Speaker A: Do you switch to a 30 after that?

Speaker B: Only if it's a tough case. And the reason why is I trained using a 30 in residency. But what I realized is, when it's just me and a scrub tech in the middle of the night, having them try to handle the degree and me constantly having to stop and push the camera to the angle I want, it got to be frustrating. So unless it's like all matted up and I really need the additional angulation, I've actually trained myself now to use a zero. I probably pull the 30 scope maybe like a couple of times a year.

Speaker A: Okay, and do you have gas plugged in on that OptiView trocar as you're pushing it in?

Speaker B: No, no. Once I insufflate to 15, I shut off the gas and then I go in and then I hook it up once I've seen and I know I'm inside.

Speaker A: Okay, and what if they've had prior surgery at the umbilicus?

Speaker B: Then I'll go up into Palmer's Point and left of the quadrant. And it depends.

Speaker A: What if the prior surgery was just a tubal?

Speaker B: Oh, so if they have previous laparoscopic surgery, even knowing that there could be some adhesions, I might go supraumbilical versus infraumbilical, depending upon where it is. So I might go around the umbilicus for the initial entry. If they've had like an exploratory laparotomy or something with a big incision in the midline, and I have no idea what their syndrome will look like, then I'm going to go up at Palmer's Point. If they've had a laparoscopic surgery, I still feel pretty safe going in through the umbilicus because I know that if there's a wall of omentum.

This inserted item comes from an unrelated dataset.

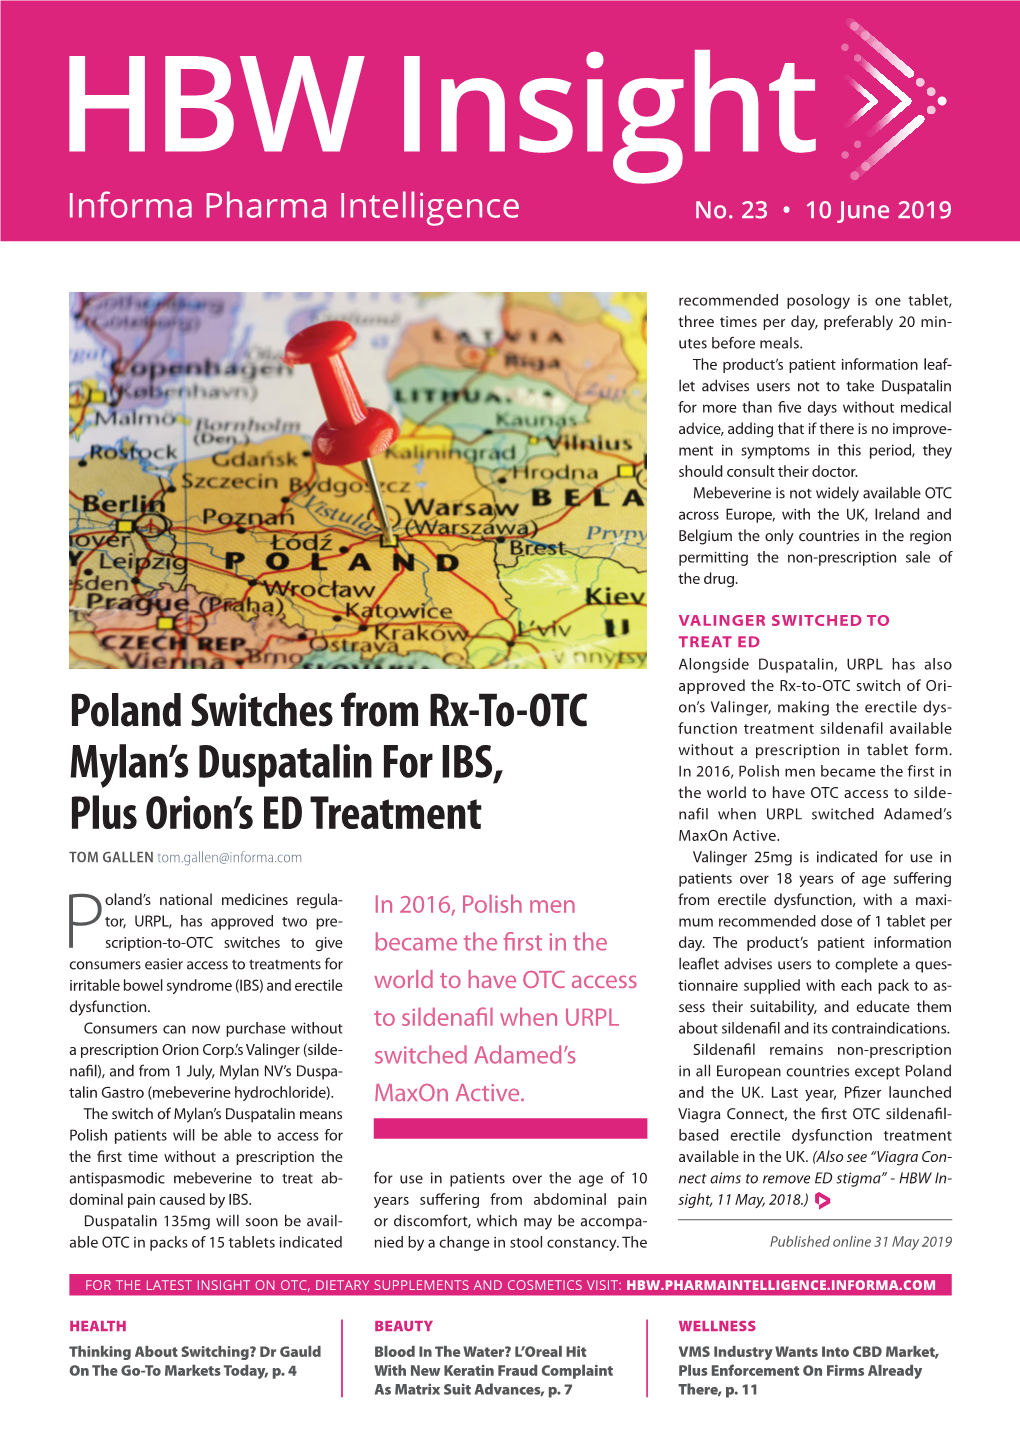 Poland Switches from Rx-To-OTC Mylan's Duspatalin for IBS, Plus Orion's ED Treatment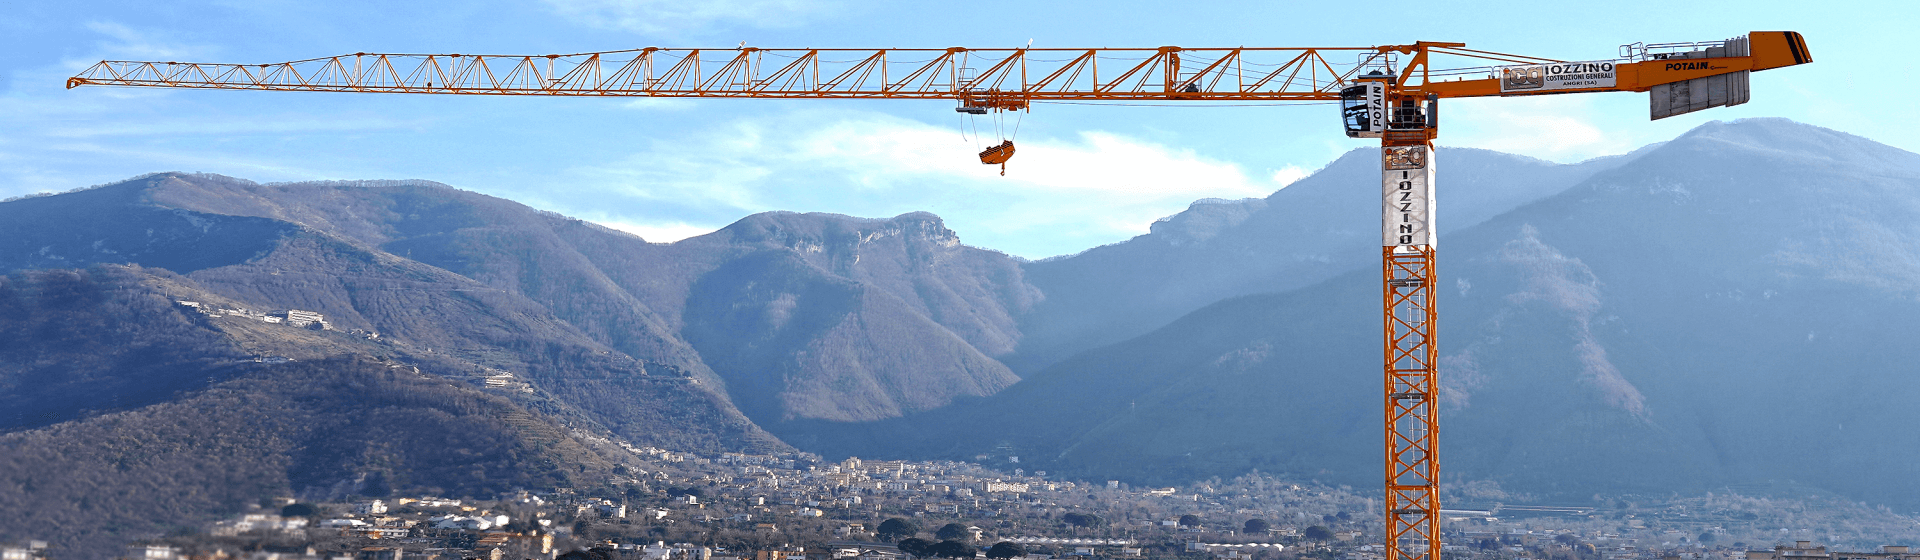 Largest-Grove-all-terrain-crane-assembles-Potain-tower-crane-for-roof-repairs-at-Italian-tomato-processing-plant-01.png

What sometimes I might do, what I try to do anyway, is I try not to put holes in the midline when I'm doing laparoscopic surgery because I don't want them to develop a hernia. And we know that that's the weakest point. So normally when I'm going in, I go off to the left or go superior anyway, so I'm actually going through the muscle, and I find then if there's any adhesions to that trocar site or whatever, the umbilicus, I'm normally up in front of it or to the side of it.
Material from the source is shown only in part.